In recent years, average temperatures in the county seat of Winchester have ranged from a low of 16 °F in January to a high of 87 °F in July, although a record low of -26 °F was recorded in January 1912 and a record high of 113 °F was recorded in July 1934. Average monthly precipitation ranged from 1.60 in in January to 4.34 in in May.

===Major highways===
- Interstate 72
- U.S. Route 36
- U.S. Route 67
- Illinois Route 106
- Illinois Route 100

===Adjacent counties===
- Morgan County (east)
- Greene County (south)
- Pike County (west)

==Demographics==

Historical population
| Census | Pop. | Note | %± |
| 1840 | 6,215 |  | — |
| 1850 | 7,914 |  | 27.3% |
| 1860 | 9,069 |  | 14.6% |
| 1870 | 10,530 |  | 16.1% |
| 1880 | 10,741 |  | 2.0% |
| 1890 | 10,304 |  | −4.1% |
| 1900 | 10,455 |  | 1.5% |
| 1910 | 10,067 |  | −3.7% |
| 1920 | 9,489 |  | −5.7% |
| 1930 | 8,539 |  | −10.0% |
| 1940 | 8,176 |  | −4.3% |
| 1950 | 7,245 |  | −11.4% |
| 1960 | 6,377 |  | −12.0% |
| 1970 | 6,096 |  | −4.4% |
| 1980 | 6,142 |  | 0.8% |
| 1990 | 5,644 |  | −8.1% |
| 2000 | 5,537 |  | −1.9% |
| 2010 | 5,355 |  | −3.3% |
| 2020 | 4,949 |  | −7.6% |
| 2025 (est.) | 4,866 | Decrease | −1.7% |
U.S. Decennial Census 1790-1960 1900-1990 1990-2000 2010

===2020 census===
As of the 2020 census, the county had a population of 4,949. The median age was 44.4 years. 21.9% of residents were under the age of 18 and 20.3% of residents were 65 years of age or older. For every 100 females there were 98.3 males, and for every 100 females age 18 and over there were 97.7 males age 18 and over.

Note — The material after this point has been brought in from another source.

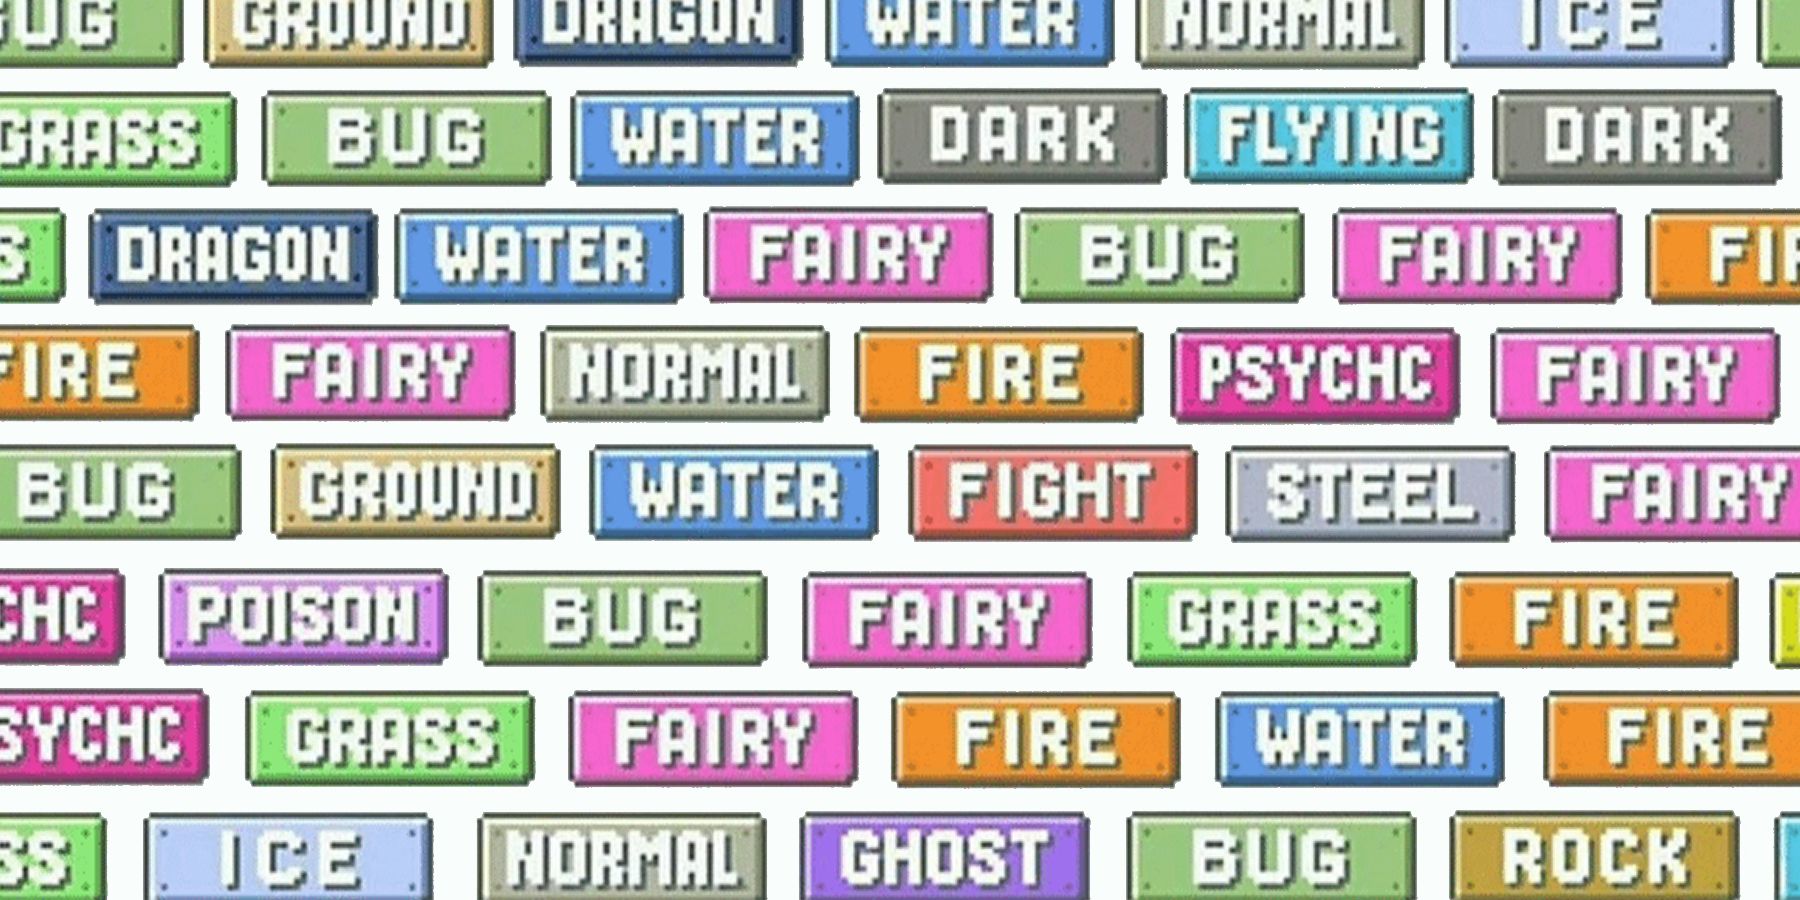 The Best Pokemon type combinations according to game theory

The racial makeup of the county was 96.3% White, 0.1% Black or African American, 0.1% American Indian and Alaska Native, 0.2% Asian, <0.1% Native Hawaiian and Pacific Islander, 0.3% from some other race, and 3.1% from two or more races. Hispanic or Latino residents of any race comprised 1.0% of the population.

<0.1% of residents lived in urban areas, while 100.0% lived in rural areas.

There were 2,102 households in the county, of which 29.5% had children under the age of 18 living in them. Of all households, 50.6% were married-couple households, 18.3% were households with a male householder and no spouse or partner present, and 24.3% were households with a female householder and no spouse or partner present. About 28.7% of all households were made up of individuals and 15.0% had someone living alone who was 65 years of age or older.

There were 2,388 housing units, of which 12.0% were vacant. Among occupied housing units, 78.8% were owner-occupied and 21.2% were renter-occupied. The homeowner vacancy rate was 1.6% and the rental vacancy rate was 8.8%.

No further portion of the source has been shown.